Bilim insanları artık kirli havanın beyne nasıl hasar verdiğini, soluduğunuz kirli havanın yıllar sonra sinir dejenerasyonuna nasıl yol açtığını keşfetmiş bulunuyor. Kirli havayı içinize çektiğiniz zaman küçük partiküller akciğerlerinize yerleşiyor ve buradan kan dolaşımına karışıyor. Bunun sonucunda bağışıklık tepkisi tetikleniyor. Bağışıklık sistemi bu istilacı parçacıkları tuzağa düşürmek, hapsetmek ve yerinden söküp atmağa çalışırken, zamanla bu tepki sistemik enflamasyona veya vücutta aşırı uyarılmış bir bağışıklık tepkisine dönüşüyor.
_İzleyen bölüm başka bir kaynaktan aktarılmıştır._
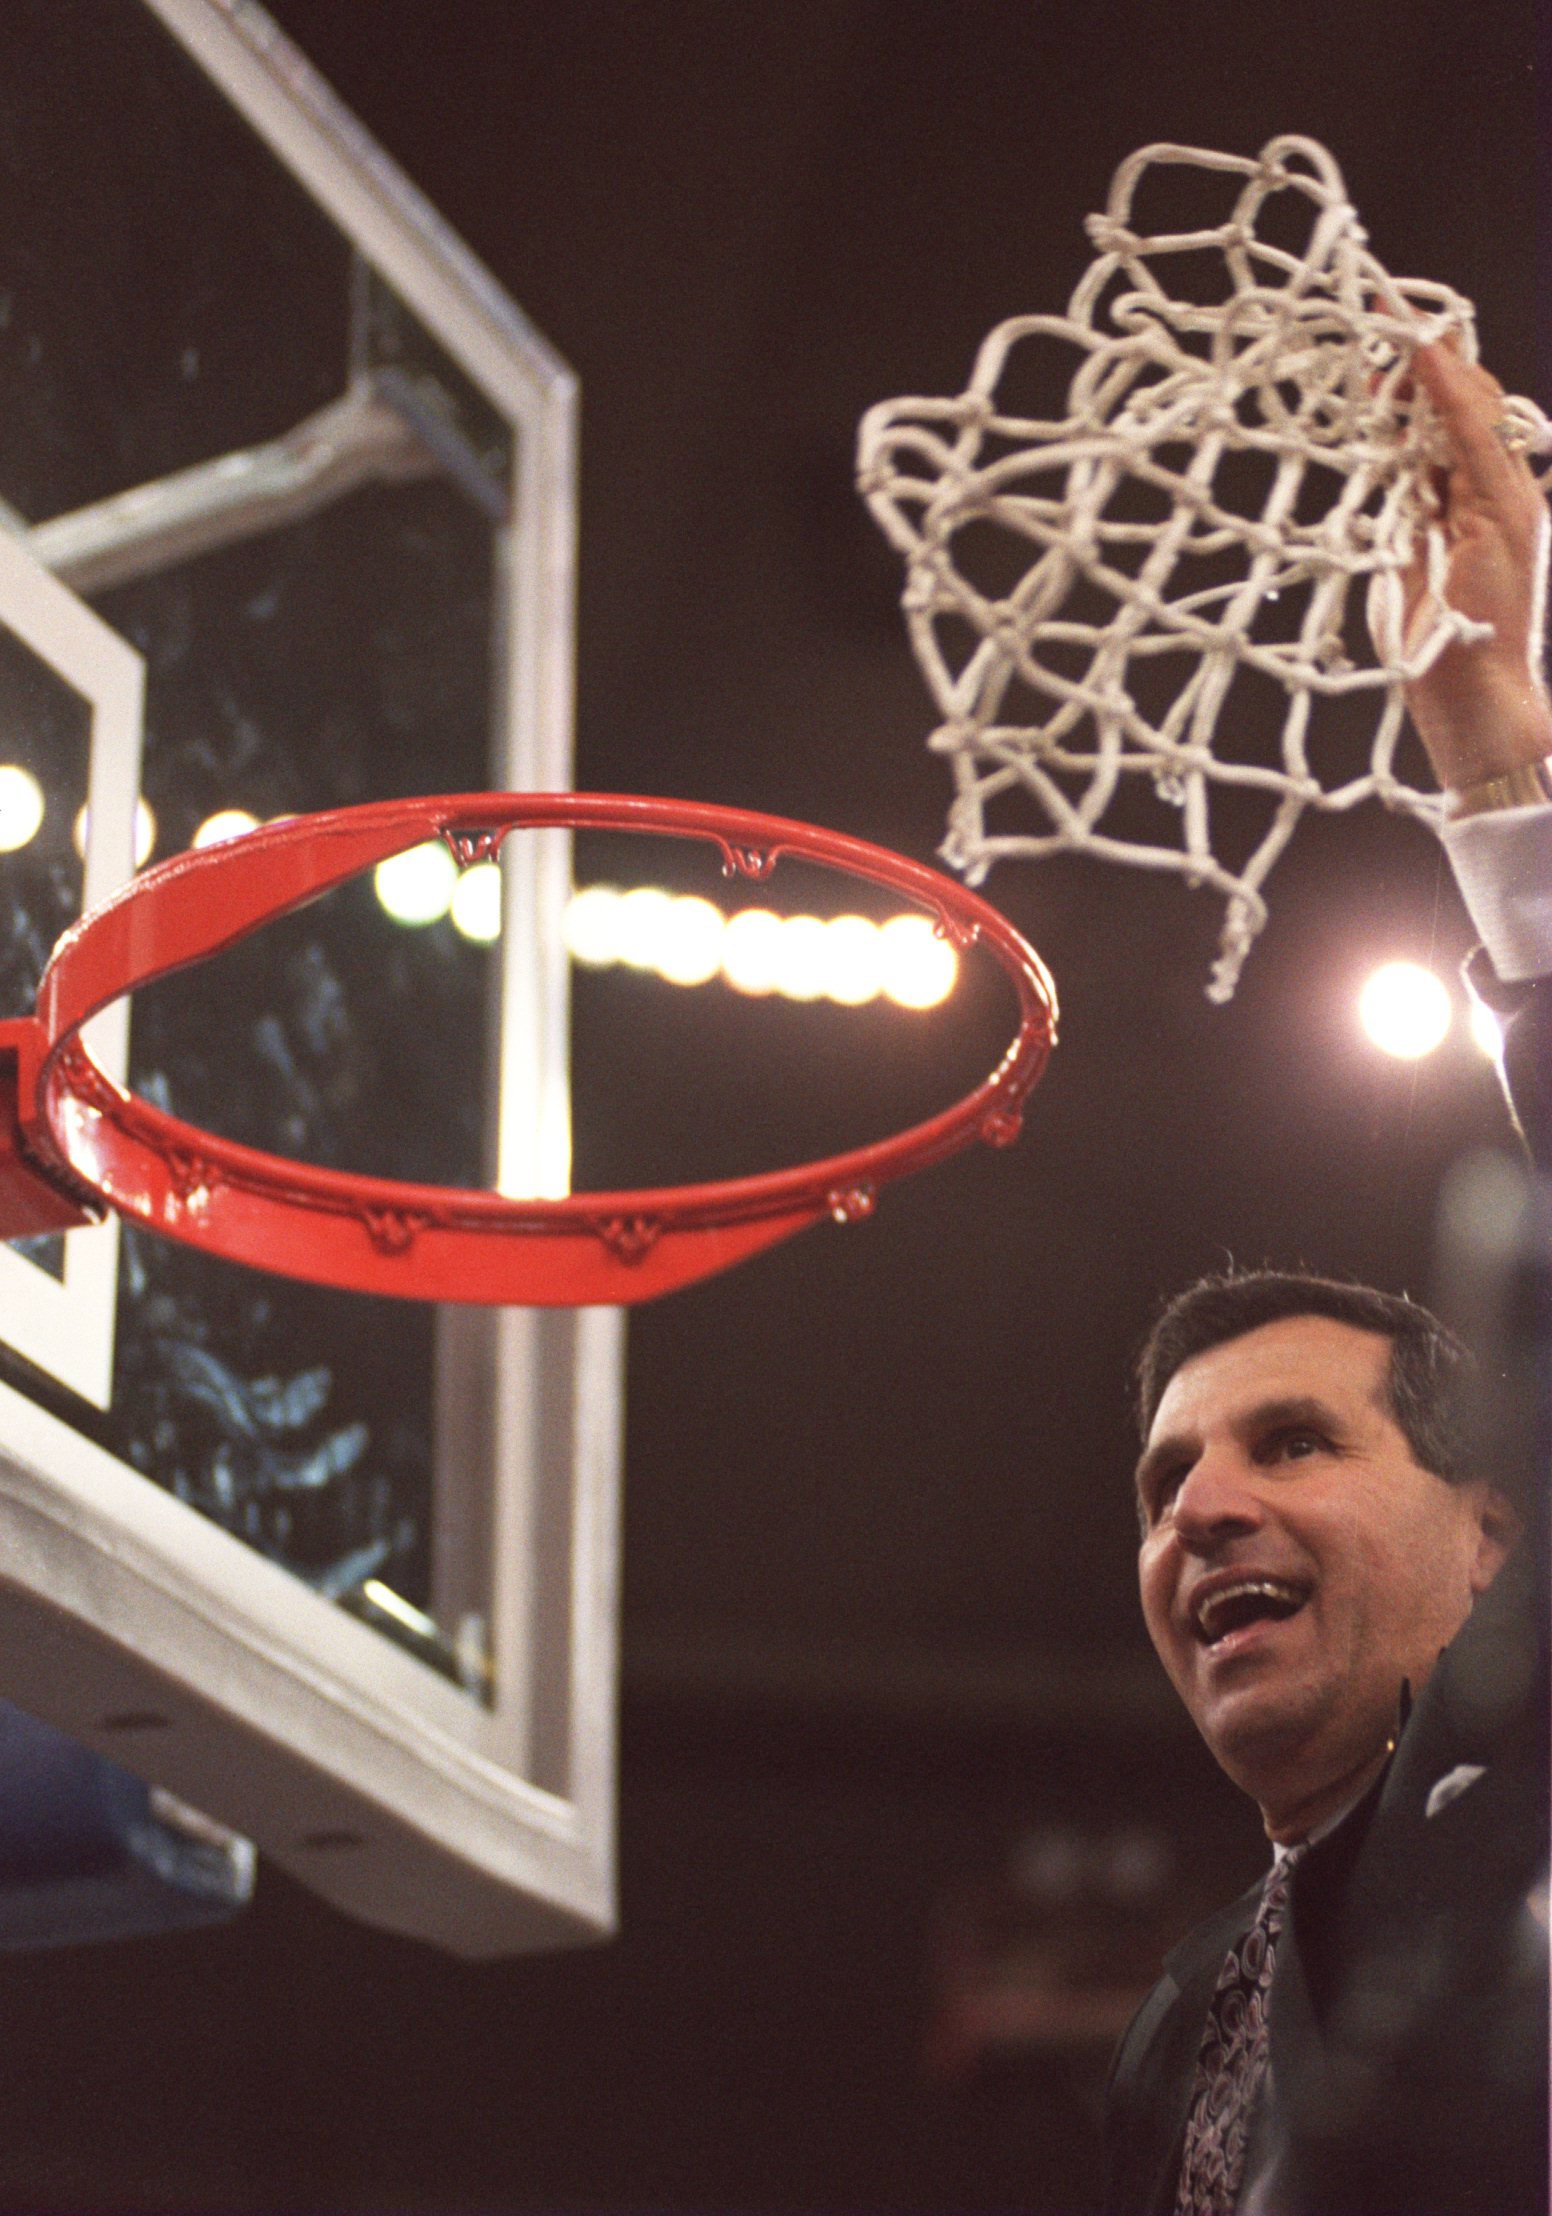 3 APR 1995:  UCLA  COACH JIM HARRICK CELEBRATES AFTER DEFEATING ARKANSAS 89-78 IN THE NCAA MEN''S BASKETBALL CHAMPIONSHIP TONIGHT AT THE KINGDOME IN SEATTLE, WASHINGTON.    Mandatory Credit: Stephen Dunn/ALLSPORT

Finch, hava kirliliğinin sistemik enflamasyon yoluyla beyni etkilediğine dikkat çekiyor. 2017 yılında Finch ve meslektaşları yürüttükleri bir laboratuvar çalışmasında hava kirliliğine maruz kalan farelerde önce enflamasyon, daha sonra beyinlerinde Alzheimer plakalarının oluştuğunu saptadı.
Bu bulgular ne gibi değişiklikler yaratabilir?
Bu bulgular nöro-dejeneratif hastalıkların daha iyi anlaşılmasına yol açabilir. Texas Üniversitesi Beyin Sağlığı Konsorsiyumu yetkililerinden George Perry, bu yeni çalışmalar sayesinde hava kirliliği ve Alzheimer bağlantısının kesinlik kazanacağına inanıyor. Perry, demansı kanserle aynı kefeye koyuyor. Demansın, pek çok faktörün bir araya gelmesiyle ortaya çıktığını belirten Perry, “İnsanlar sigara içmediği veya hava kirliliğine maruz kalmadığı halde kansere yakalanabilir, ancak bu iki faktör riski artırır” diyor.